Groggy, and feeling a bit like I just paid someone to let me take a nap, I step out into the cold and waddle back to my car. No wonder baby doesn’t want to come out. Being warm and cozy is way better than this.
Thursday, January 7: Overdue Day Nine
I wake up Thursday morning with more fluid than normal leaking out. Unlike in the movies, most pregnant people labor for a while before their water breaks, and only in a small percentage of cases does the water come out in one big gush. For others, like me, the baby’s head serves as a sort of plug, releasing limited streams at a time.

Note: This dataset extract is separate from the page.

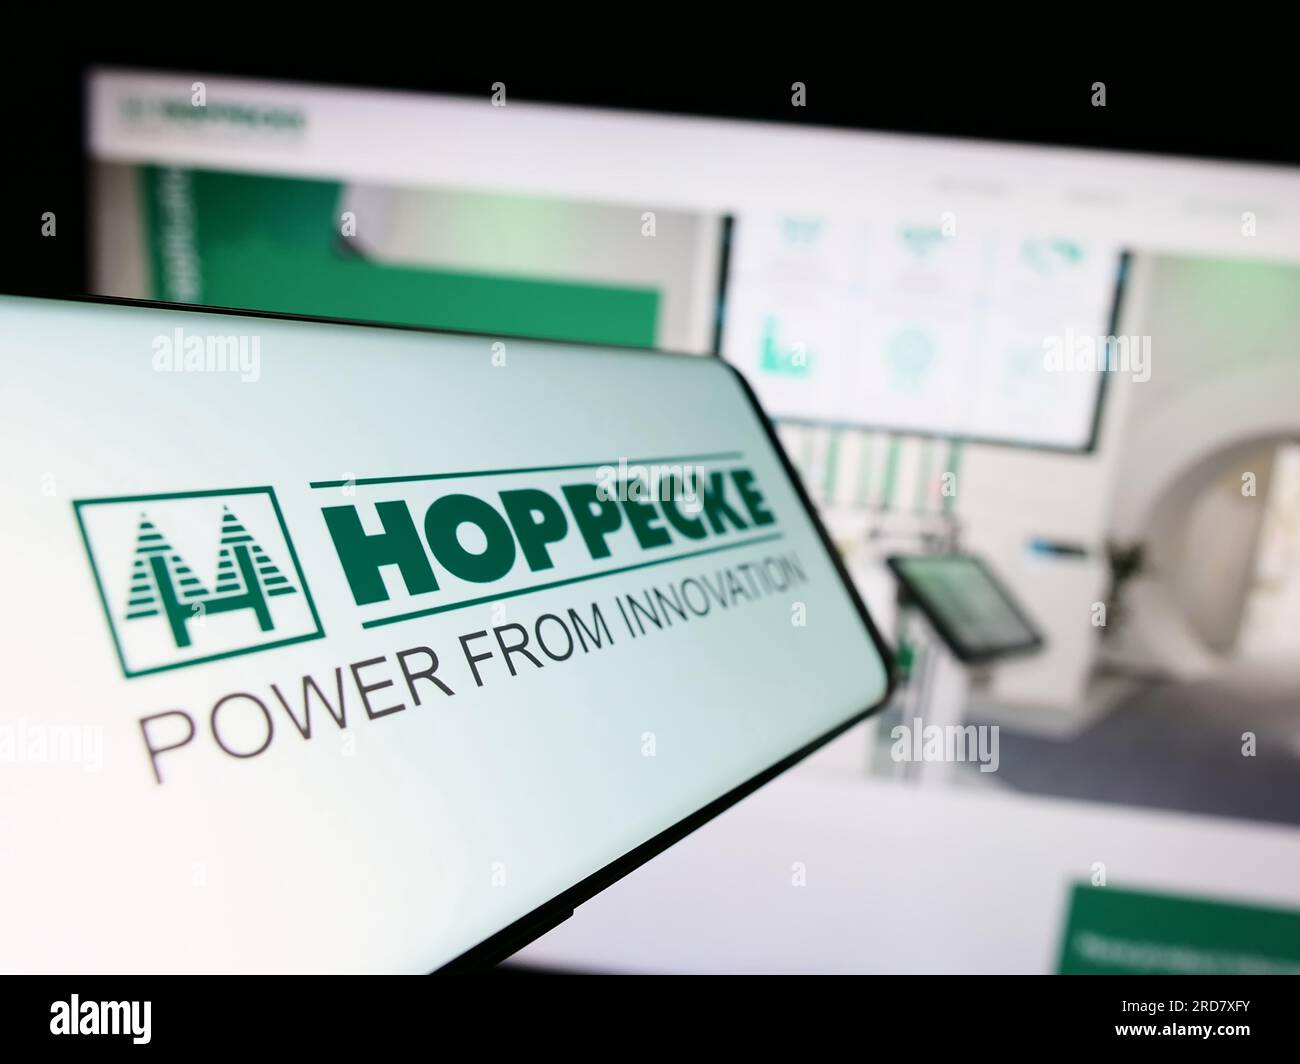 Cellphone with logo of German company Accumulatorenwerke Hoppecke on screen in front of business website. Focus on center-left of phone display. Stock Photo

Whenever I move or shift positions, the fluid escapes in small amounts. It’s surprisingly difficult to tell if this is a broken water situation or if it’s just the expected increase in discharge at the end of pregnancy.
I haven’t had Braxton Hicks during my pregnancy, and seeing as I am not really sure if my water has broken, we hang out at home all day. By mid-afternoon I am fairly sure it has and I tell Jordan. We confirm a few hours later when he notices a wet spot on the couch after.
At 7:30pm I feel a deep pain emanating below my pubic bone. I’ve had pain before, but none like this. My first contraction feels like a hot, sharp blade trying to penetrate my insides. It lasts for about 30 seconds, and it’s all I can do to breath through it.
But then it passes, and nothing more happens for a while.
At 9pm, we go for a walk to get some fresh air. I have to stop twice on the walk to breathe through the pain. This might really happen after all!
Back from the walk, 12-hours after my water breaks, we decide to go to bed and labor at home for a bit. Our Midwifery Group advised us to stay home as long as we can, as it will be more comfortable for me and, if I go to the hospital too early, they’ll just send me back. So we stay.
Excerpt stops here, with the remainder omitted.